DQN With Various Rewards on SUMO-RL

This is a class project for USU CS 5640 (Reinforcement Learning Applications)

• Using Environment: SUMO-RL
• Simulation: SUMO
• Using a Deep Q Learning agent with Pytorch

This project utilizes a DQN with dense policy and target networks to find ideal traffic signal controls.
It utilizes the environment, default rewards, and files representing a 2-way intersection from SUMO-RL.
There are various rewards implemented from the environment in SUMO-RL, these are tested using different objective values.

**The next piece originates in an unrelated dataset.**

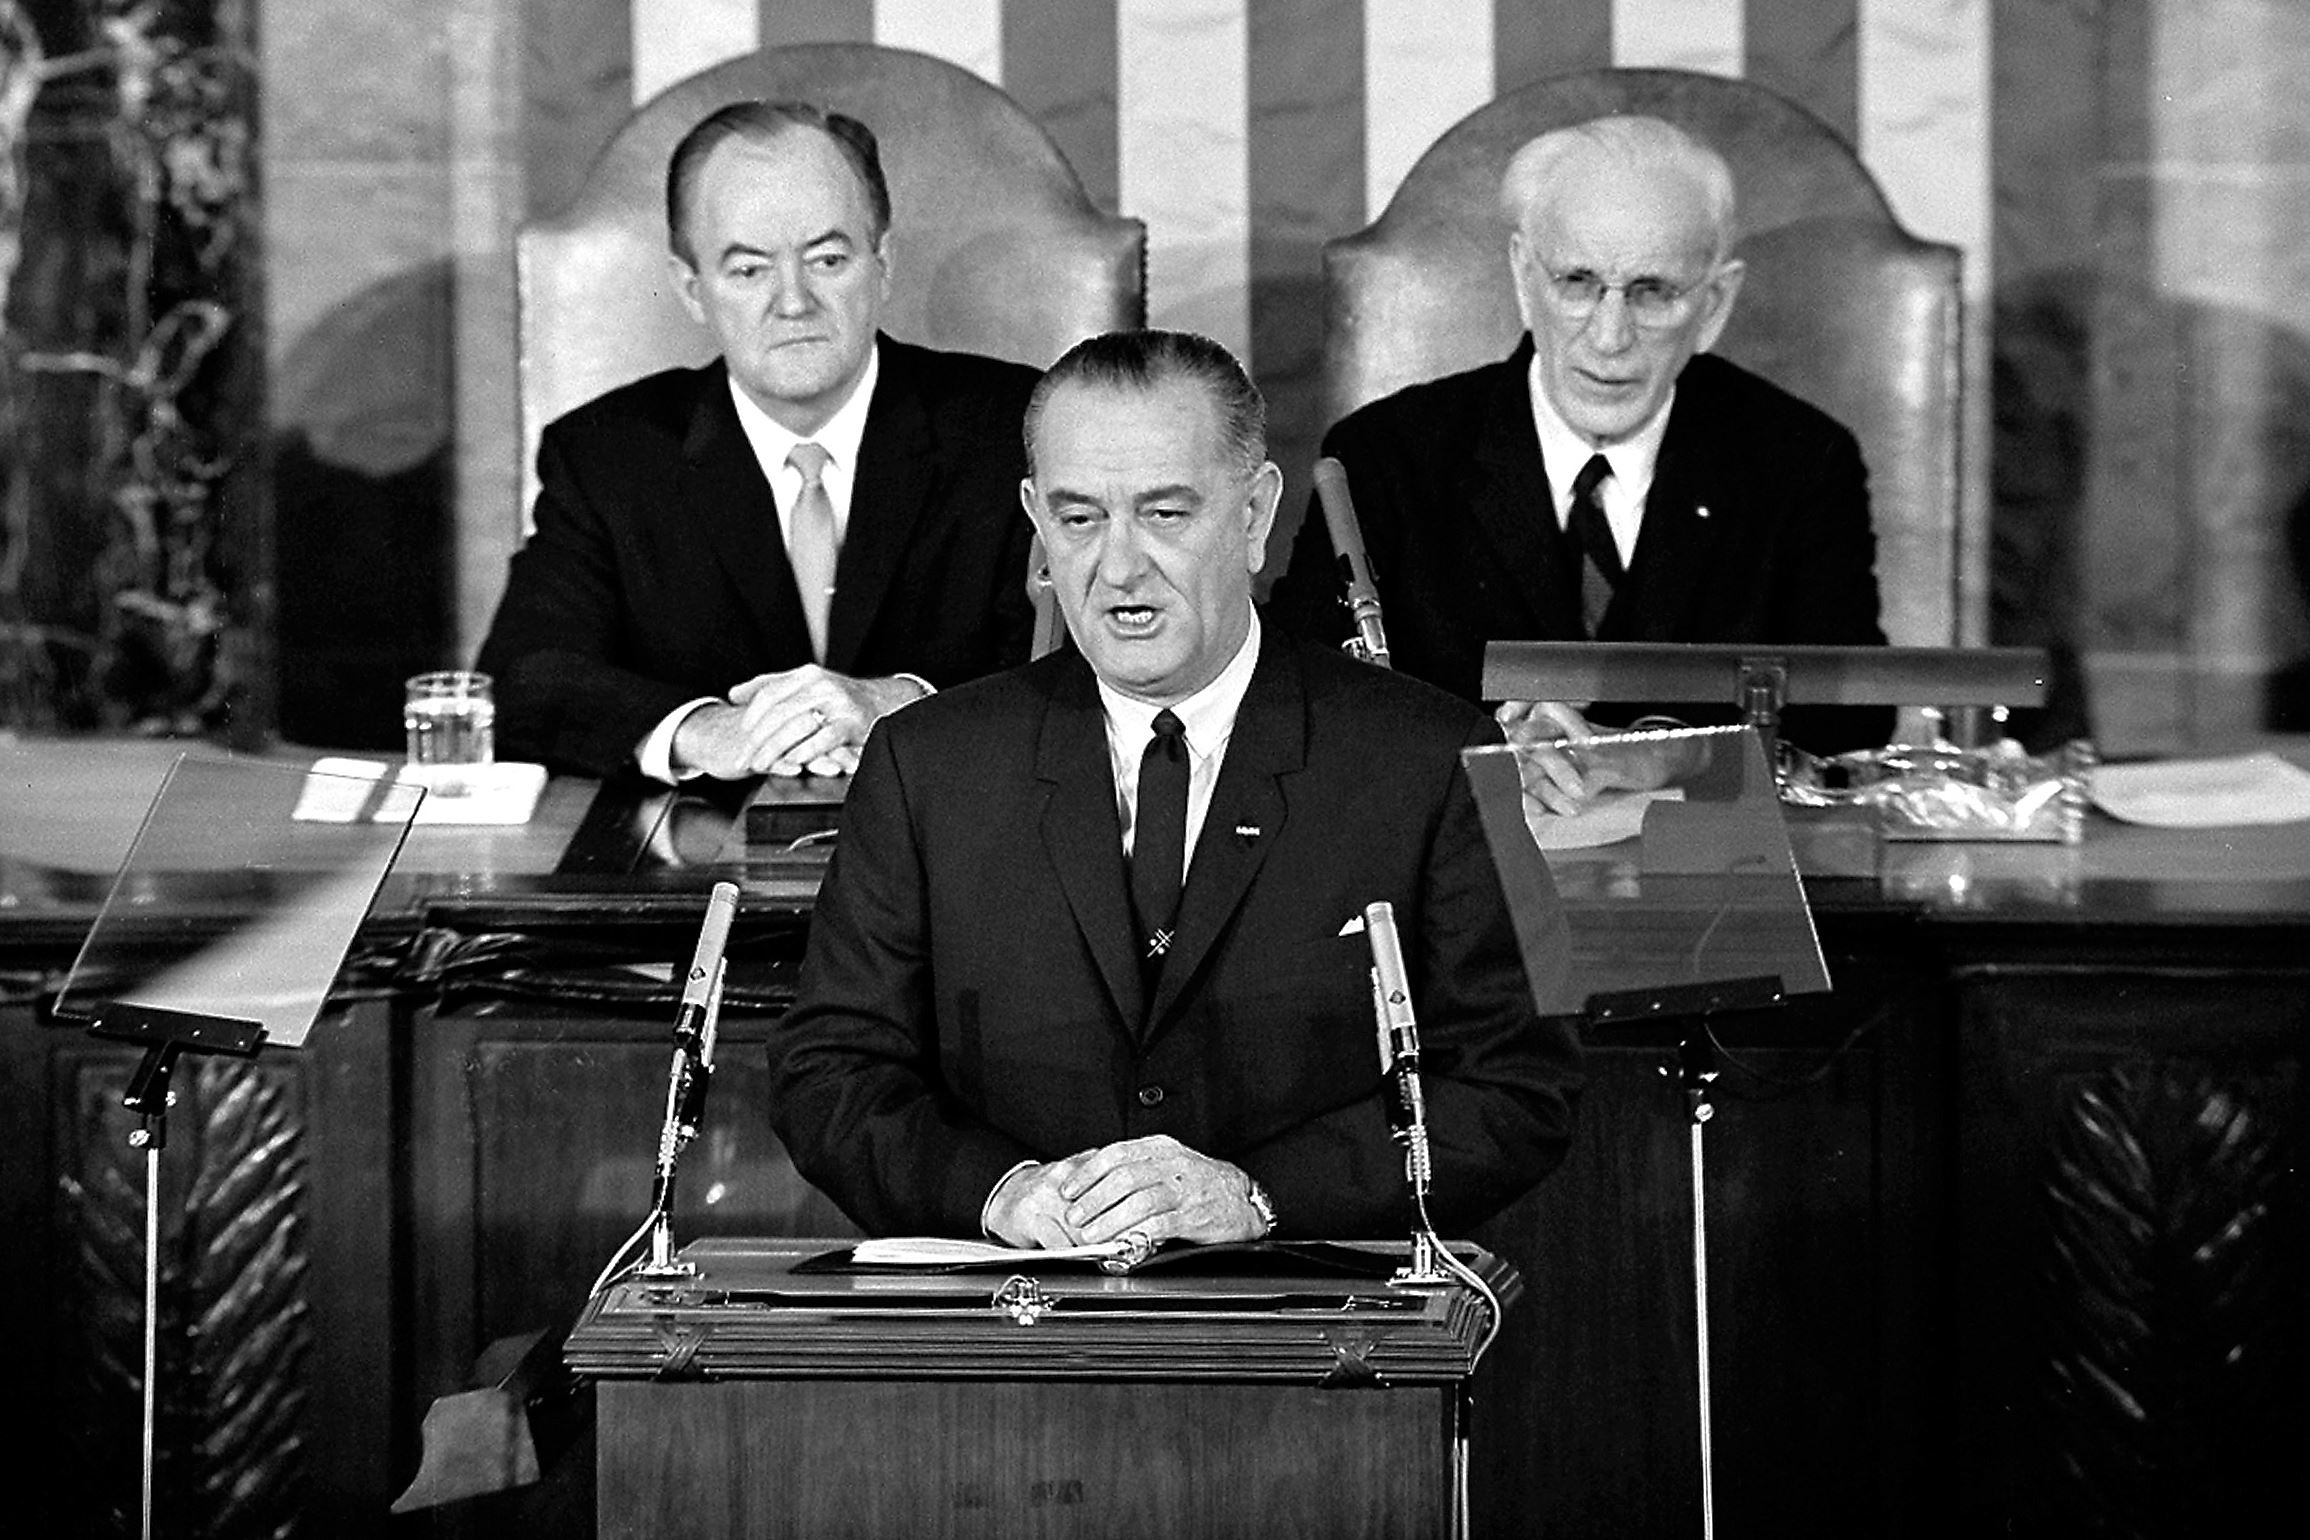    A great speech turns 50: LBJ's eloquent call for voting rights came together quickly

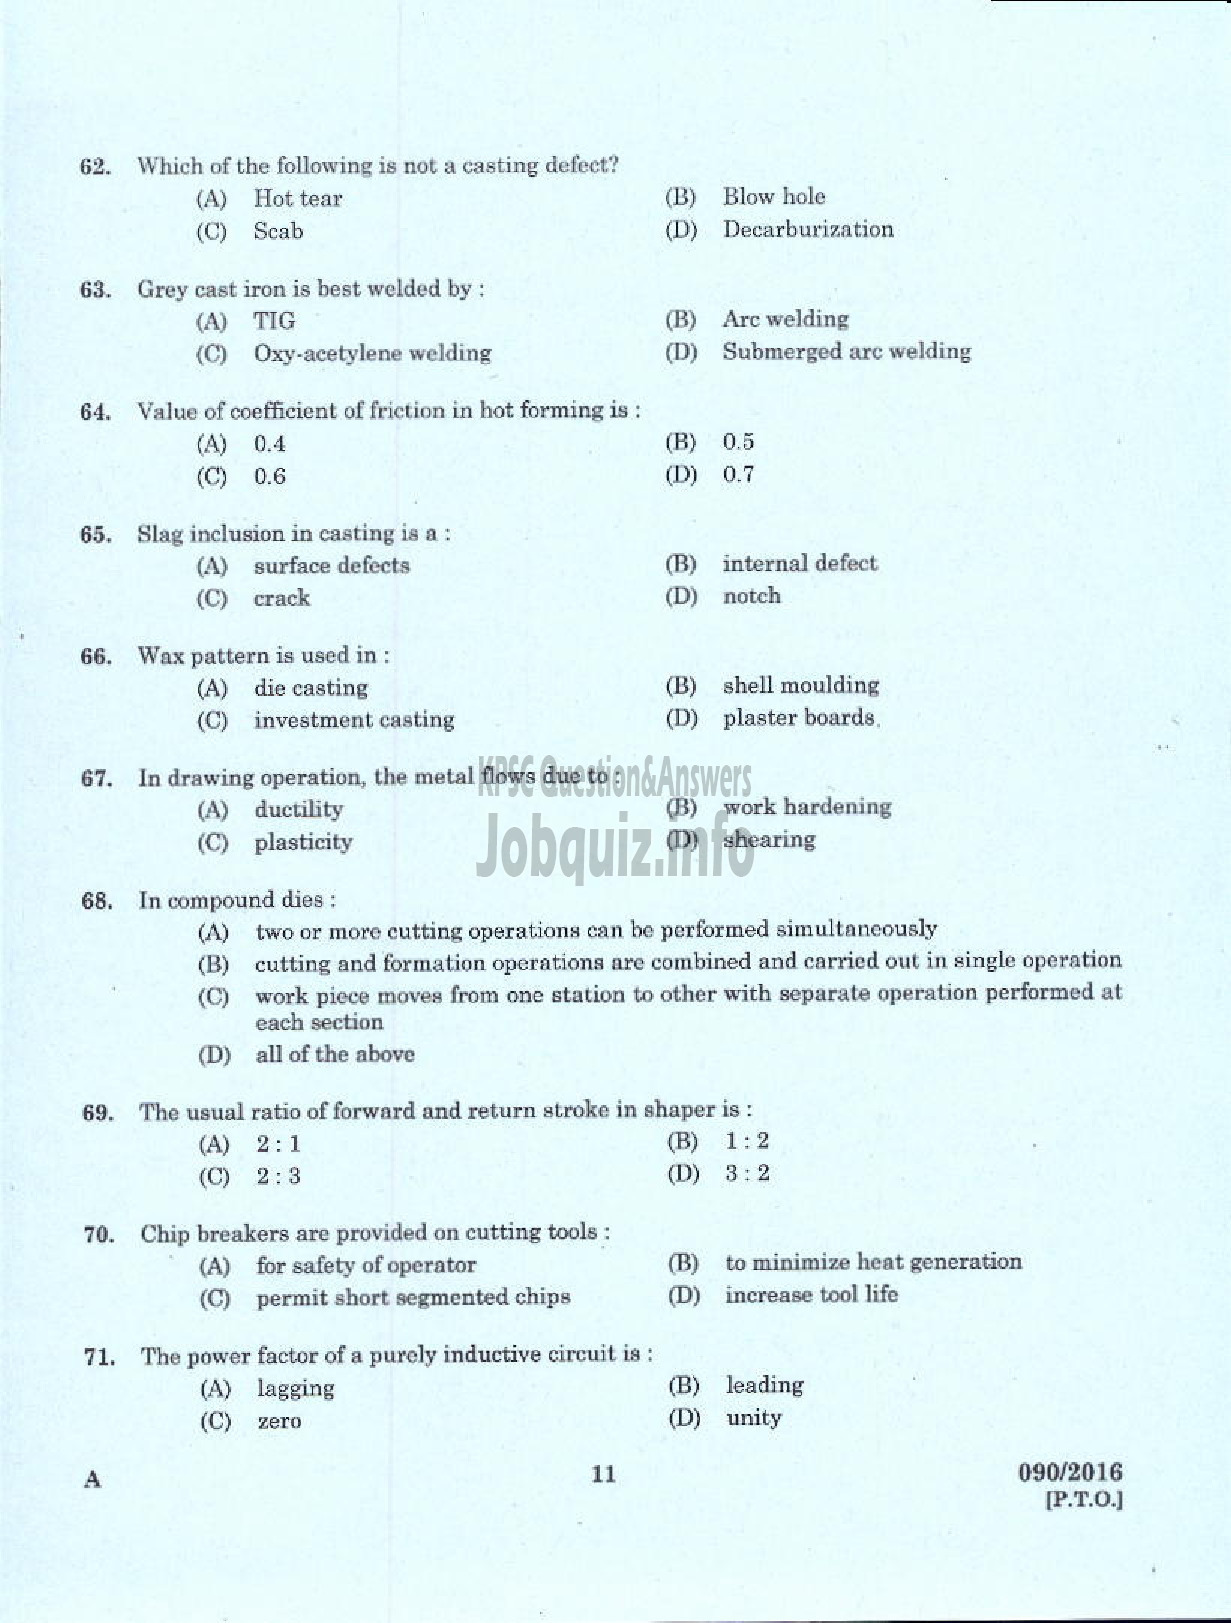 Kerala PSC Question Paper - VOCATIONAL INSTRUCTOR IN REFRIGERATION AND AIR CONDITIONING VHSE-9

Final video presentation link: Final Presentation

Repository Contents

• dqn_learning/
  • python files used to generate models and plots (main.py)
  • Python file used to run gui-enabled simulation of specific generated model
• nets/ network files to run simulation
• sumo_rl/ environment files (modified from original to include some additional metrics)
• Final report PDF
• Final presentation slides in PDF format

Observation Space

This simulation only has the option for a 2-way intersection so the observation space (obs) is as follows:

• obs[0:4] is a one-hot encoded vector indicating the current active green phase
• obs[4] is a binary variable indicating whether min_green seconds have already passed in the current phase
• obs[5:13] is the density of each lane: the number of vehicles in a lane divided by the lane's total capacity
• obs[13:21] is the queue amount of each lane: the number of queued vehicles in a lane divided by the lane's total capacity

Action Space

The action space (act) is 4 discrete actions, each representing a different green phase:

• act[0] Green Signals: North-South straight/right turn
• act[1] Green Signals: North-South left turn
• act[2] Green Signals: East-West straight/right turn
• act[3] Green Signals: East-West left turn

Reward Functions

There are four reward functions:

• Difference in waiting time between steps
• Average speed
• Queue
• Pressure

Evaluation Metrics

After each iteration of training and testing an agent, that agent's policy NN and info about the episode is saved. The info that is saved includes:

• Total number of vehicles moved through the intersection
• Average speed at each step
• Vehicles in intersection at each step
• Average and total wait times at each step
• Vehicles queued at each step